(Provided material begins)

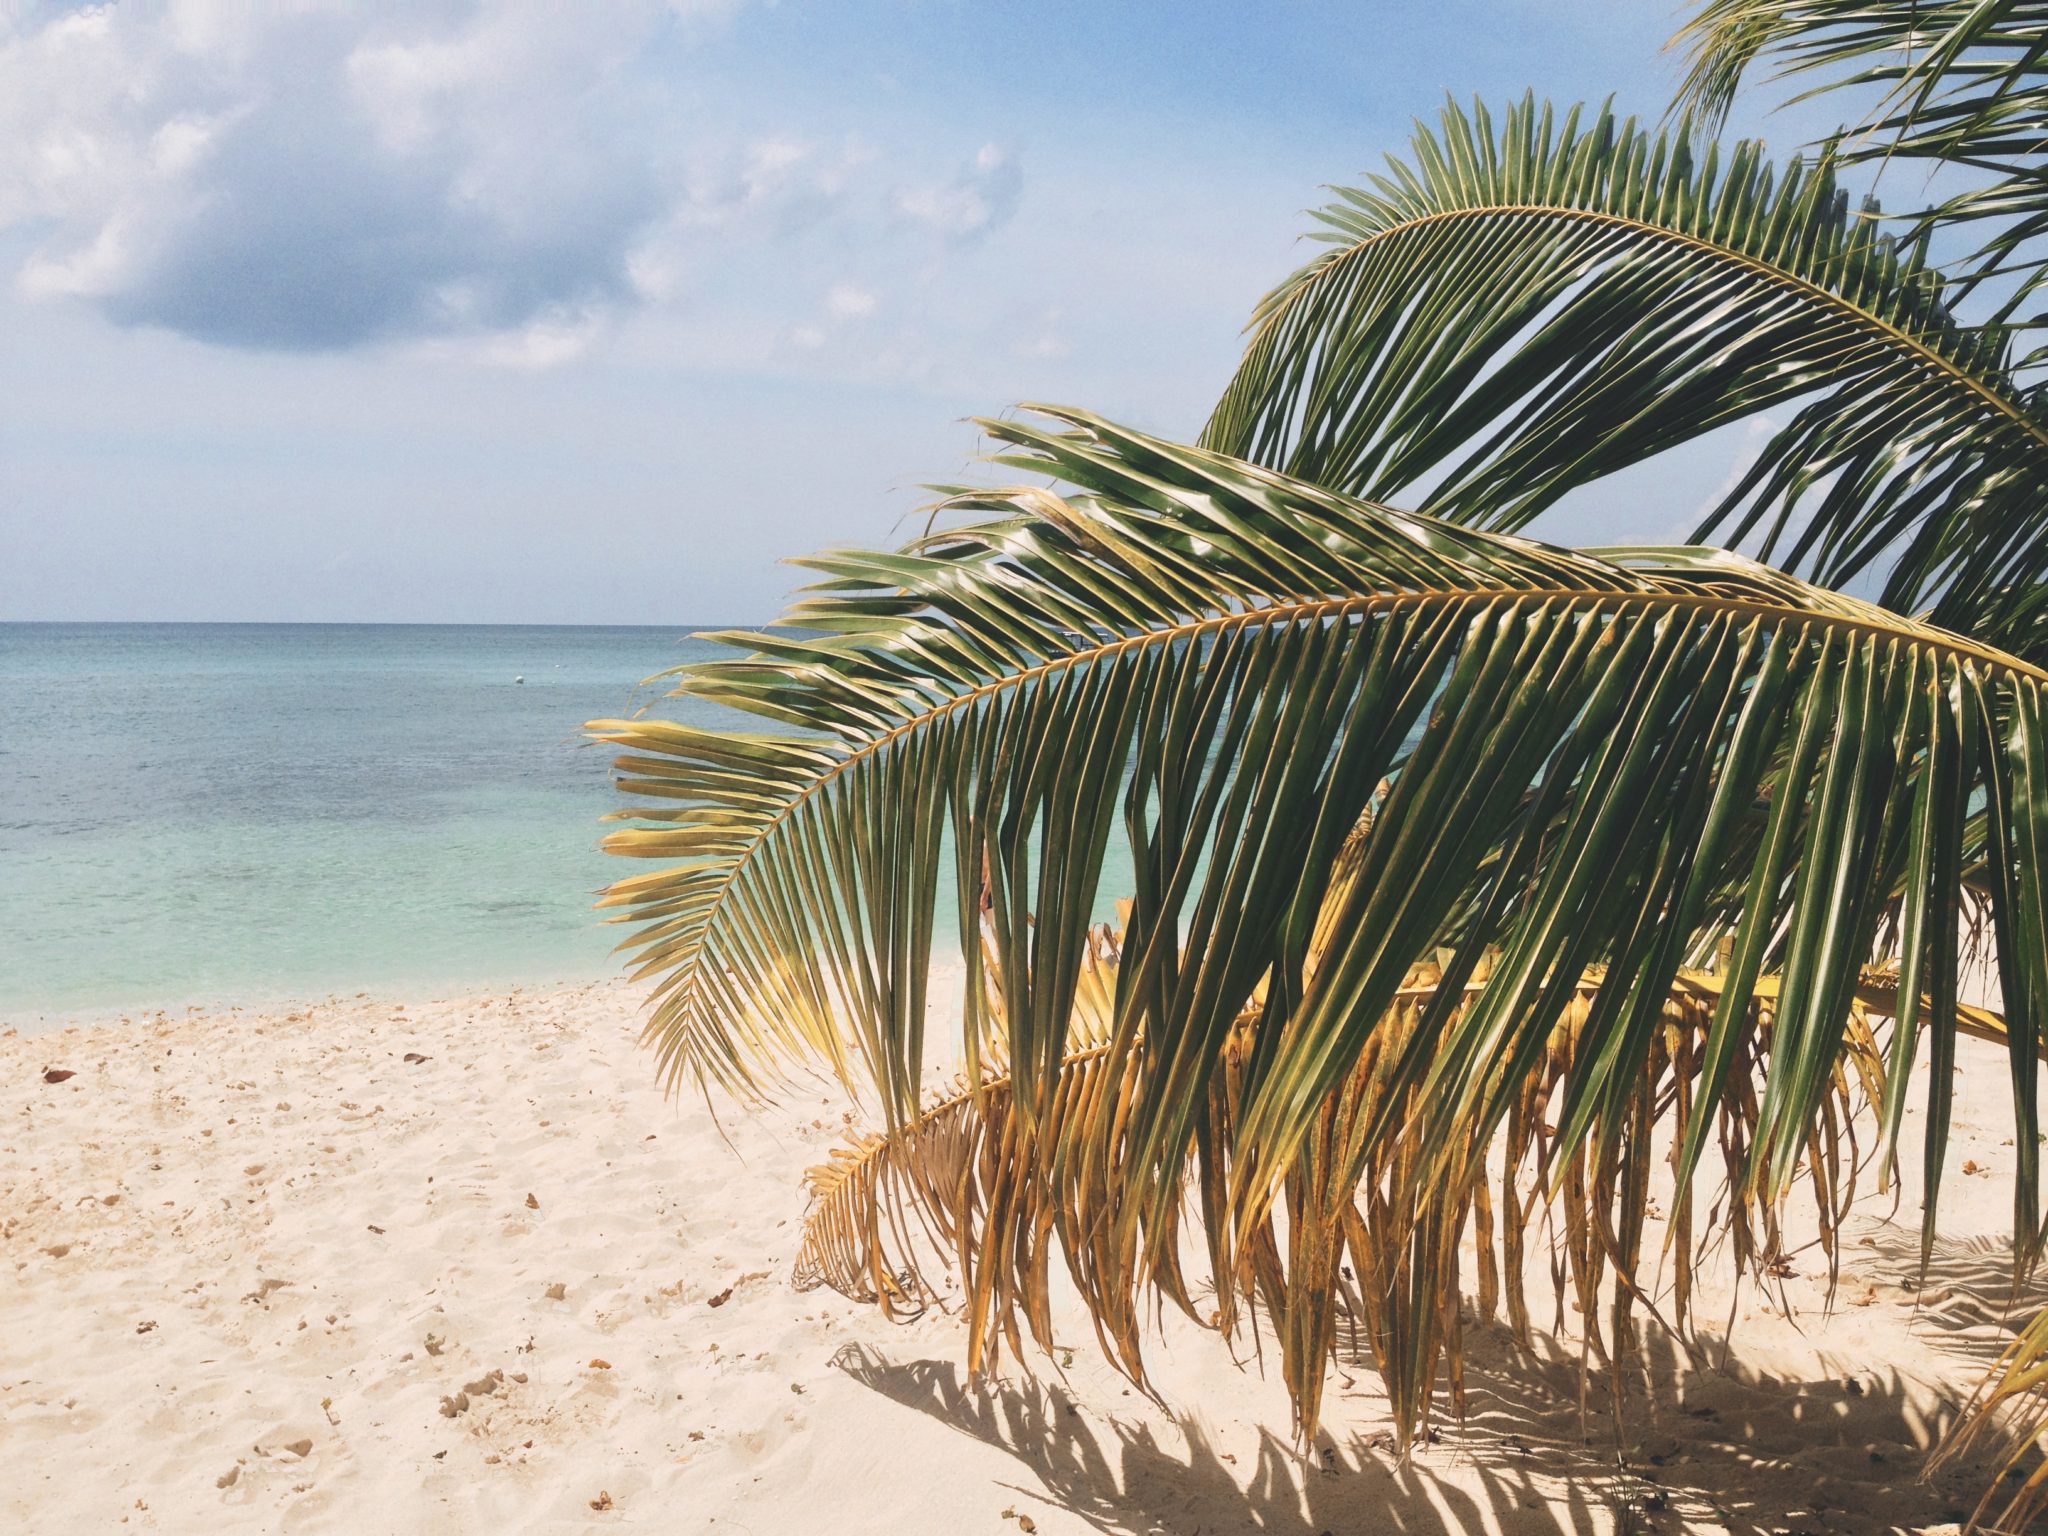 Sandy Beach with palm frond by John Price from stocksnap.io
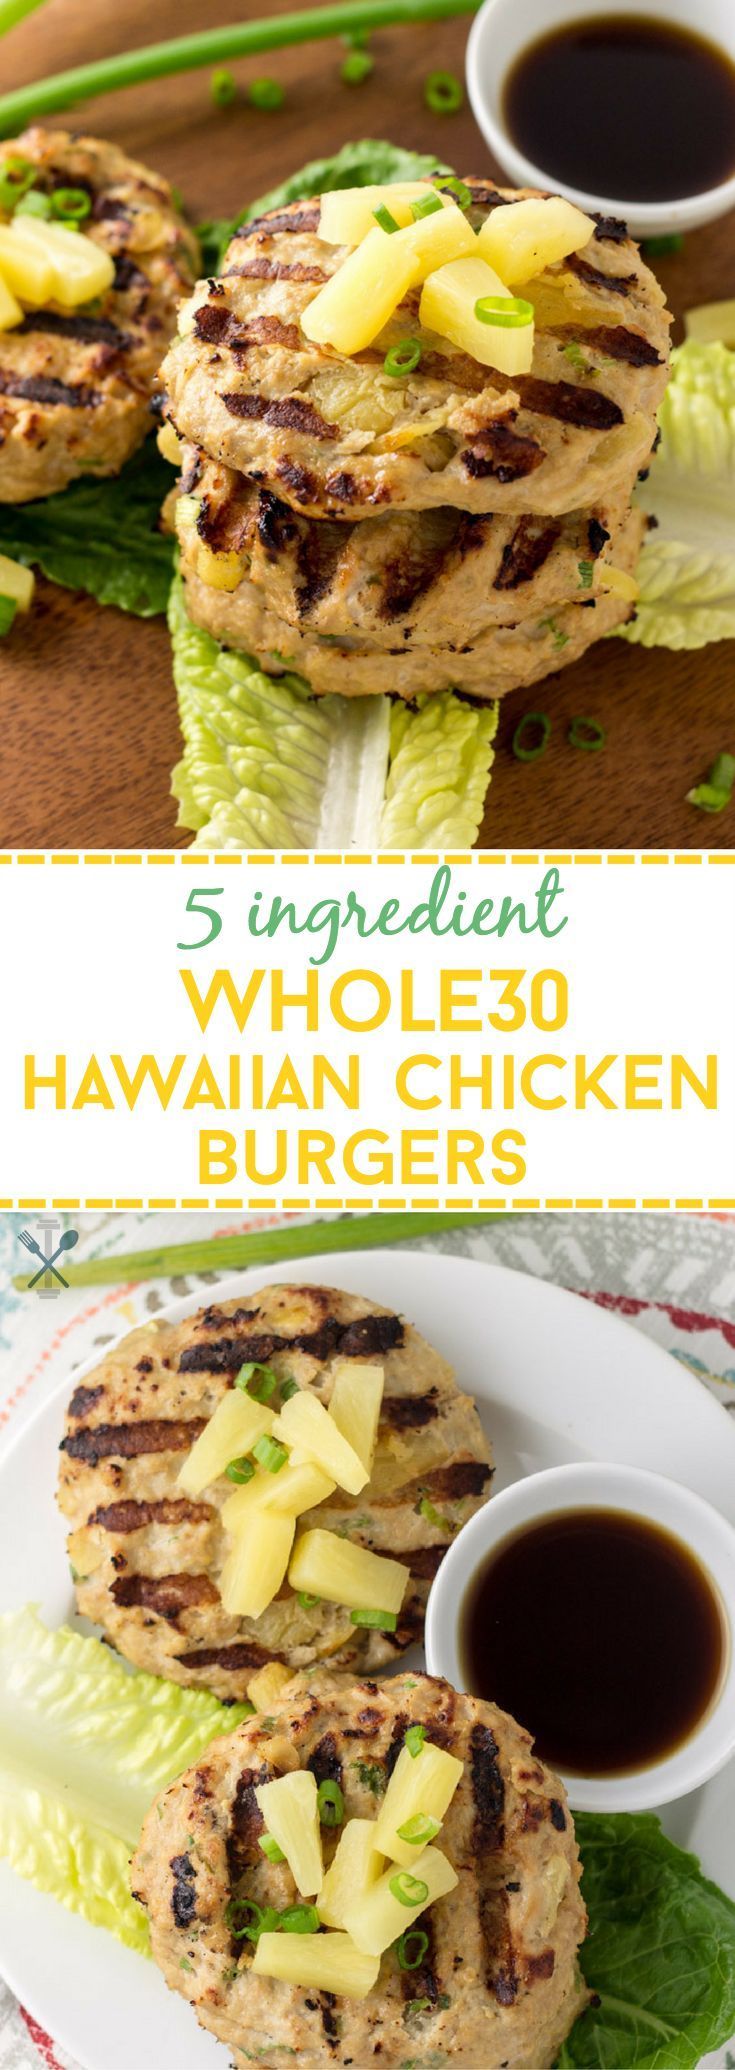 These Whole30 chicken burgers are made with only 5 ingredients, and bursting with flavor. Ground chicken with diced pineapples and
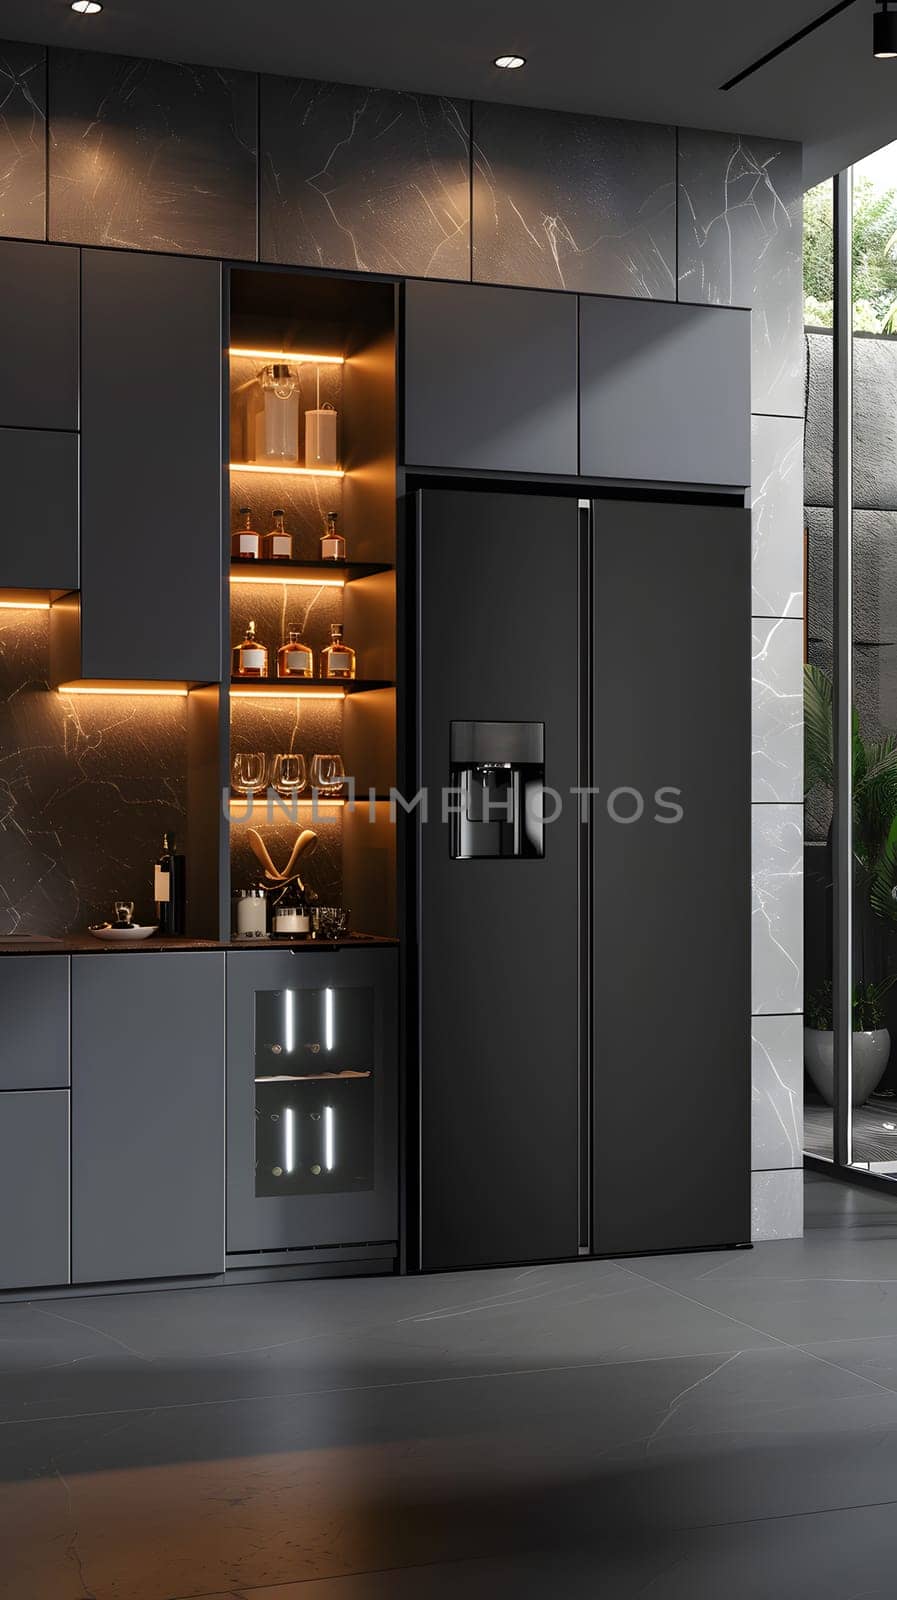 Kitchen with dark cabinetry and matching appliances exudes modern elegance by Nadtochiy
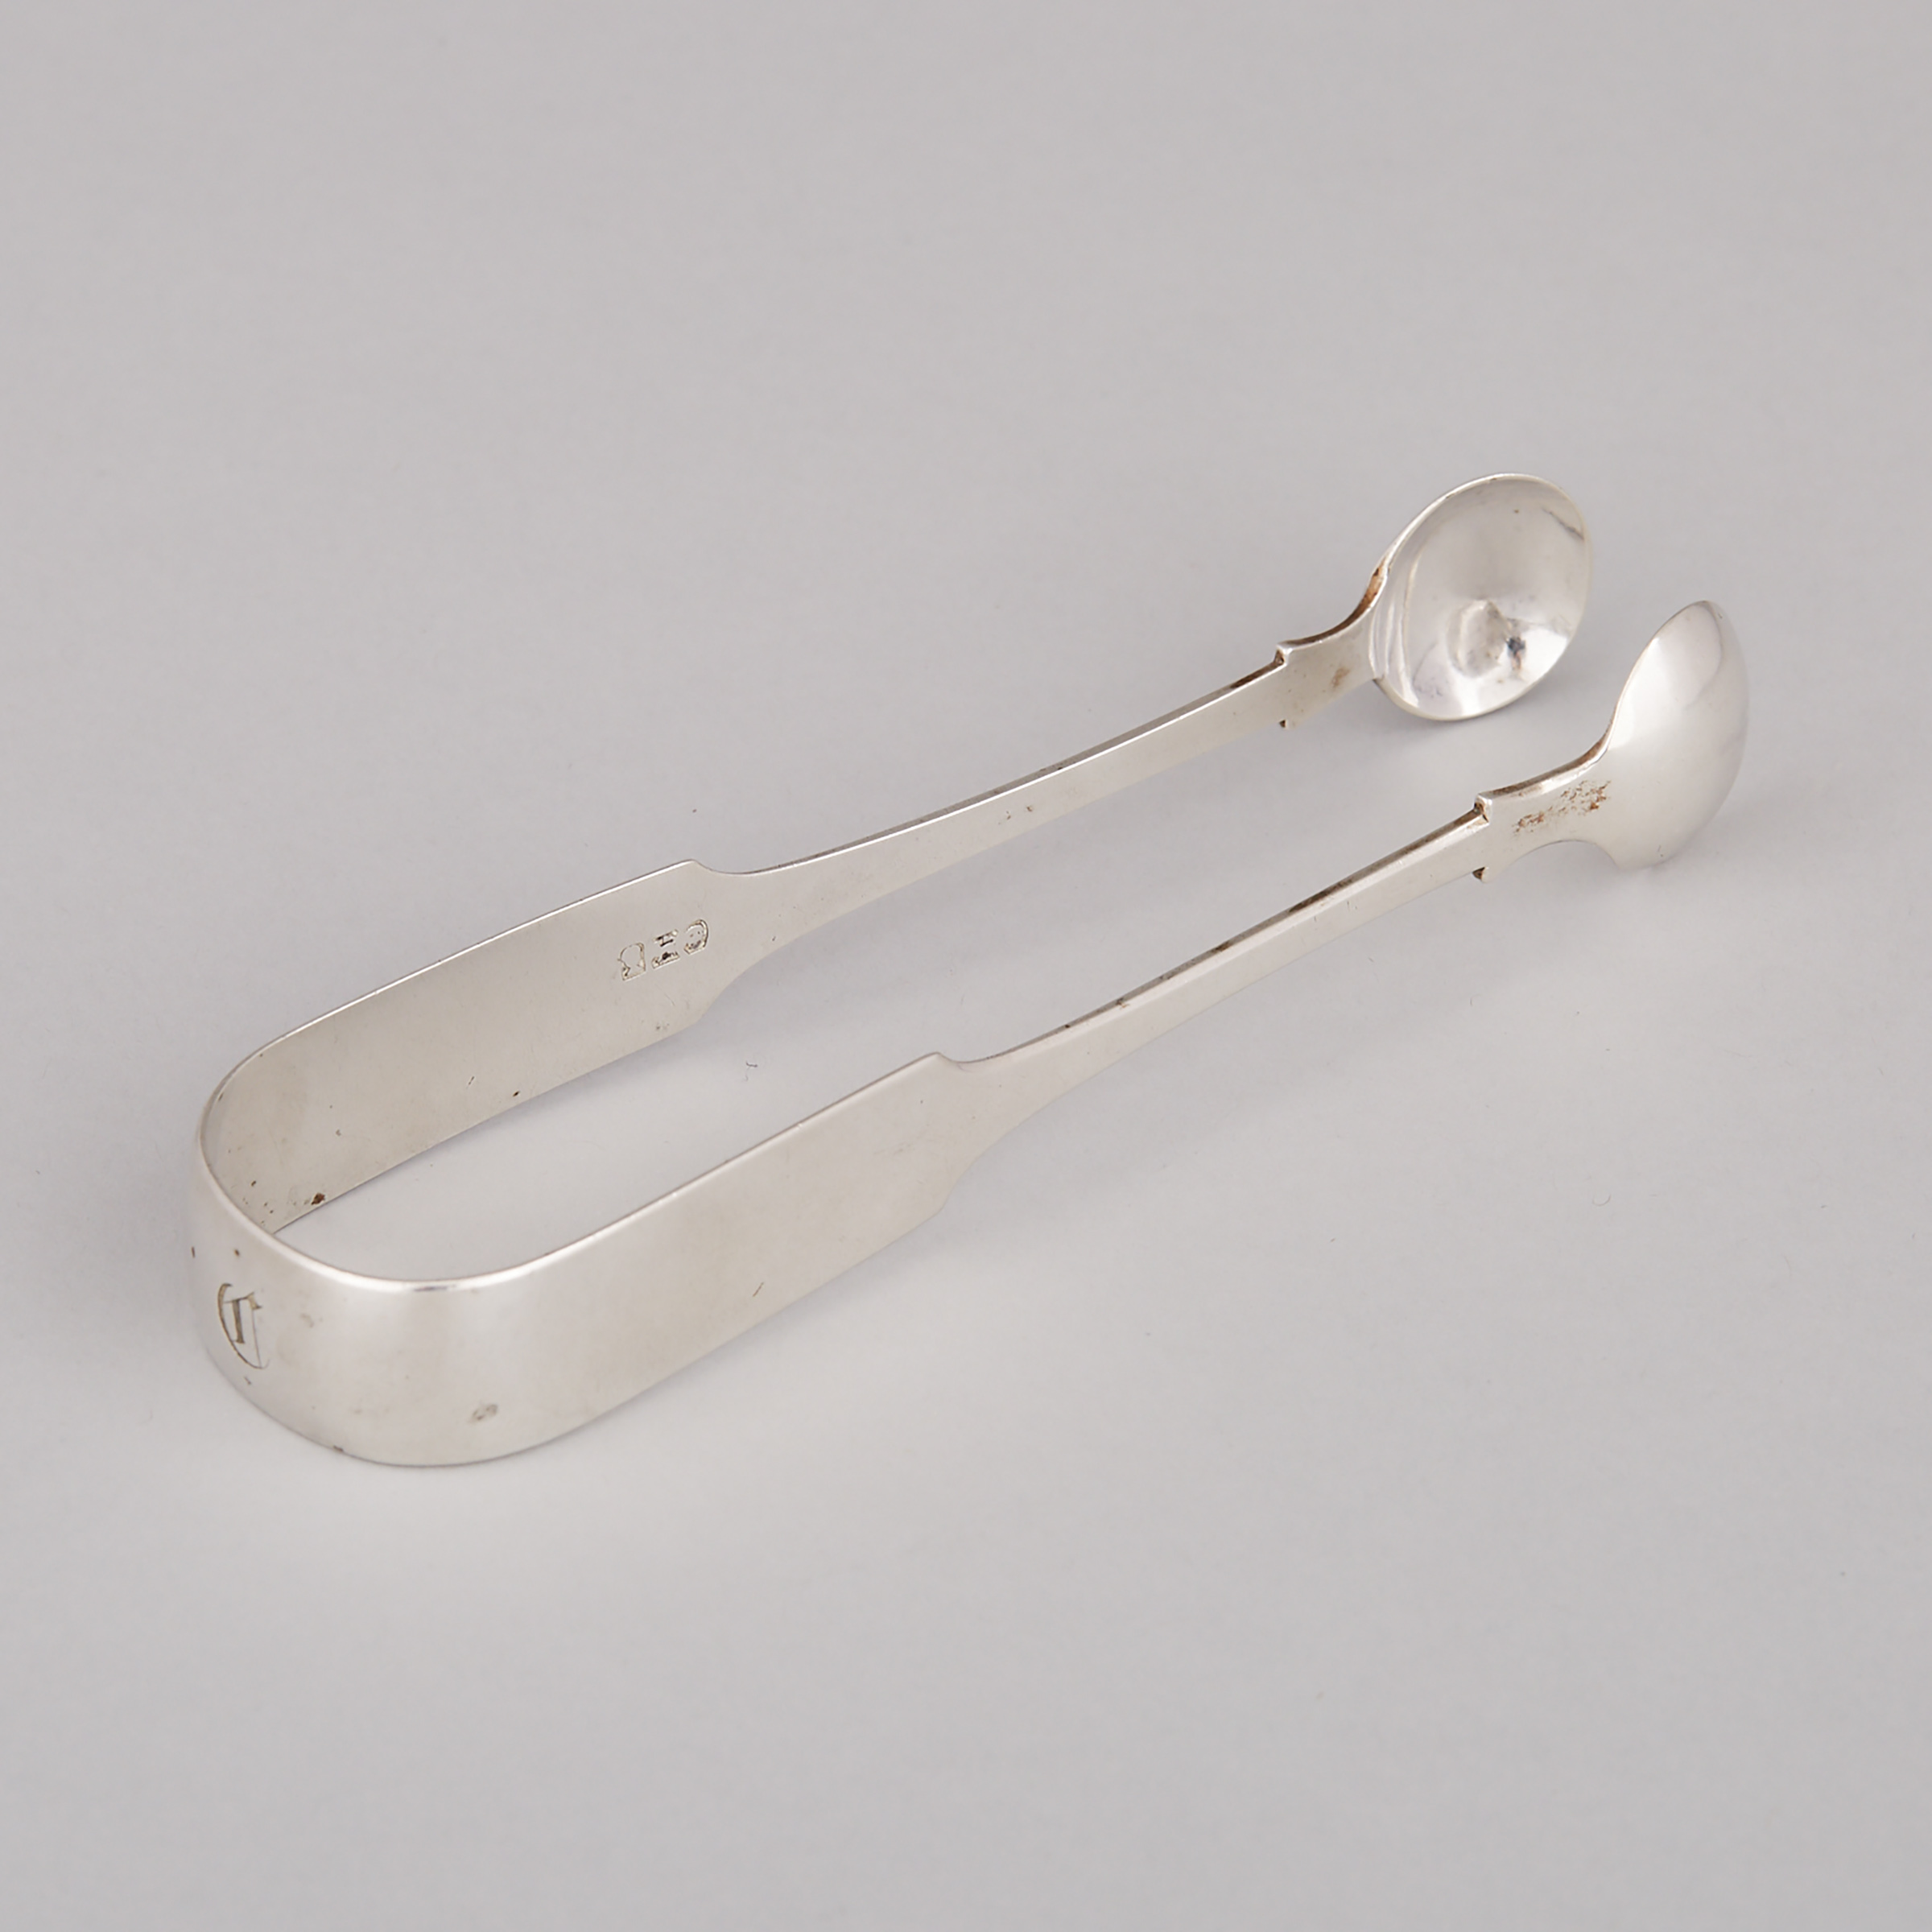 Canadian Silver Fiddle Pattern Sugar Tongs, George Savage, Montreal, Que., c.1843-50

(Provided material ends)

▸ Task to complete: Your copy should run from the line that has "Kitchen with dark" through the last line above, exactly, with both ends in and pictures out.

▸ Output for this exercise:
 Kitchen with dark cabinetry and matching appliances exudes modern elegance by Nadtochiy
 Canadian Silver Fiddle Pattern Sugar Tongs, George Savage, Montreal, Que., c.1843-50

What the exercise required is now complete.